Filed 10/3/17 Ochsner v. Deutsche Bank CA3
NOT TO BE PUBLISHED
California Rules of Court, rule 8.1115(a), prohibits courts and parties from citing or relying on opinions not certified for publication or ordered published, except as specified by rule 8.1115(b). This opinion has not been certified for publication or ordered published for purposes of rule 8.1115.
IN THE COURT OF APPEAL OF THE STATE OF CALIFORNIA
THIRD APPELLATE DISTRICT
(Placer)
----
DAVID A. OCHSNER,
Plaintiff and Appellant,
v.
DEUTSCHE BANK NATIONAL TRUST COMPANY, as Trustee, etc.,
Defendant and Respondent.
| C081748
(Super. Ct. No. SCV0034396)
|
Plaintiff David A. Ochsner appeals from the trial court’s entry of judgment after it granted defendant Deutsche Bank National Trust Company’s (Deutsche Bank) motion for summary judgment on Ochsner’s complaint challenging the nonjudicial foreclosure sale of his residence. Ochsner argues a declaration submitted in support of Deutsche Bank’s motion did not lay a proper foundation to show that documents establishing the chain of title qualified for the business records exception to the hearsay rule. We conclude the trial court did not abuse its discretion in overruling Ochsner’s evidentiary objections because the relevant documents were subject to judicial notice and not hearsay as to their operative facts. Ochsner also raises various arguments to support his wrongful foreclosure claim that have been rejected by courts of appeal, including our own, but he fails to acknowledge the authorities adverse to his position. We affirm.
I. BACKGROUND
Ochsner’s operative complaint alleges seven causes of action including a claim for wrongful foreclosure against Deutsche Bank, as trustee for IXIS Real Estate Capital Trust 2006-HE3 Mortgage Pass Through Certificates, Series 2006-HE3 (the Trust), and Western Progressive, LLC. Deutsche Bank moved for summary judgment on the ground that there were no triable issues of material fact to support any of Ochsner’s claims.

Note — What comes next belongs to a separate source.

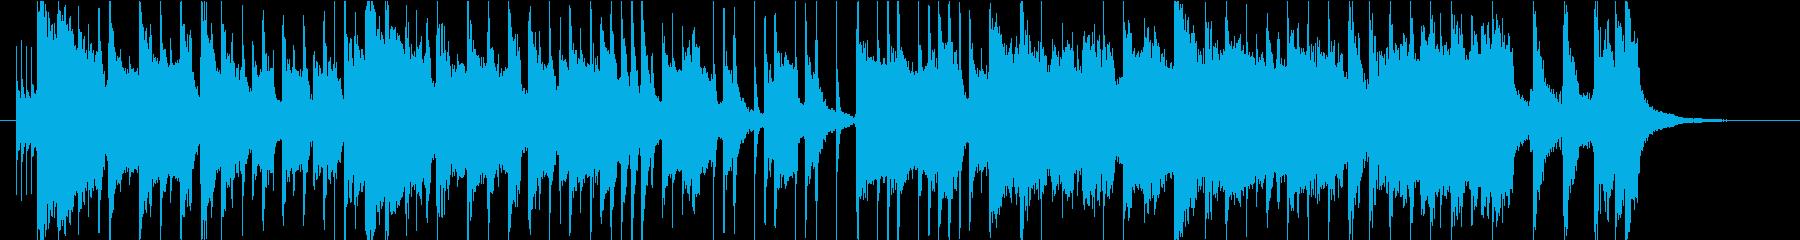 次回予告風の30秒ジングルの再生済みの波形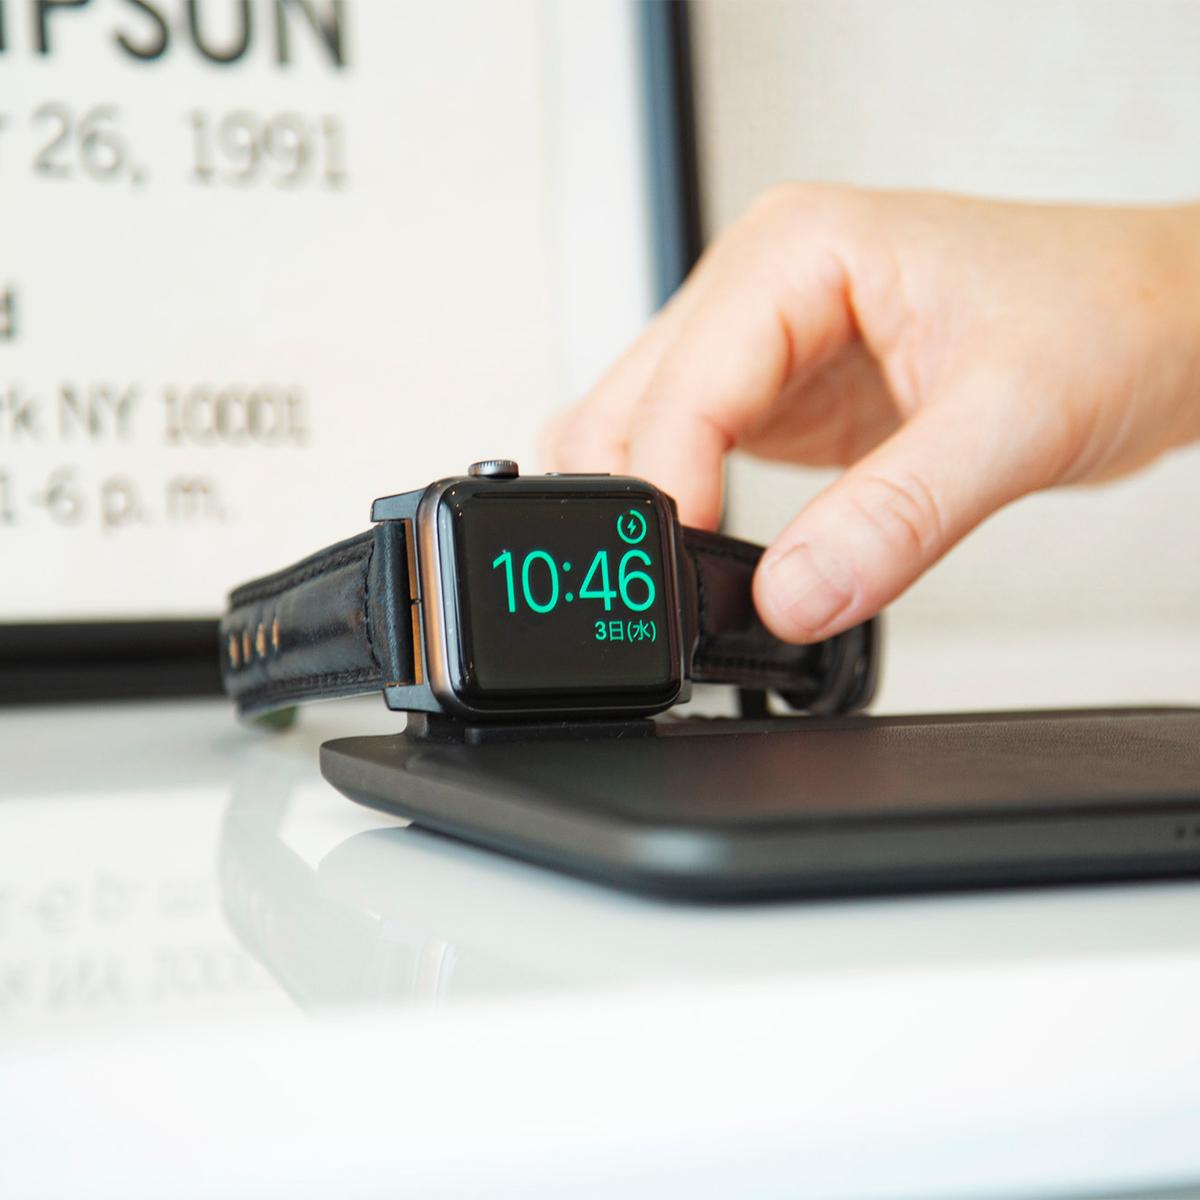 安心して使える「MFi認証」製品。Apple社が定めた性能基準を満たす「MFi認証」済みの製品(Apple公式認定品)の「ワイヤレス充電ベース」Base Station(Apple Watch Edition)| NOMAD

The facts Deutsche Bank introduced regarding Ochsner’s claim for wrongful foreclosure are as follows:
In 2005, Ochsner and his wife took out a loan from First NLC Financial Services, LLC, secured by a deed of trust. In March 2012, an assignment of the deed of trust was recorded that was executed by Mortgage Electronic Registration Systems, Inc. (MERS)[1] to Deutsche Bank as trustee for the Trust. In April 2012, Western Progressive, as agent for the beneficiary, recorded a “Notice of Default and Election to Sell Under Deed of Trust.” Ochsner was in default on his payments, and did not cure the default. In August 2012, a substitution of trustee was recorded that was dated May 4, 2012, substituting Western Progressive as trustee, in lieu of Deutsche Bank, under the deed of trust. In June 2013, Western Progressive recorded a notice of trustee’s sale to occur on July 23, 2013. The sale did in fact occur on that date.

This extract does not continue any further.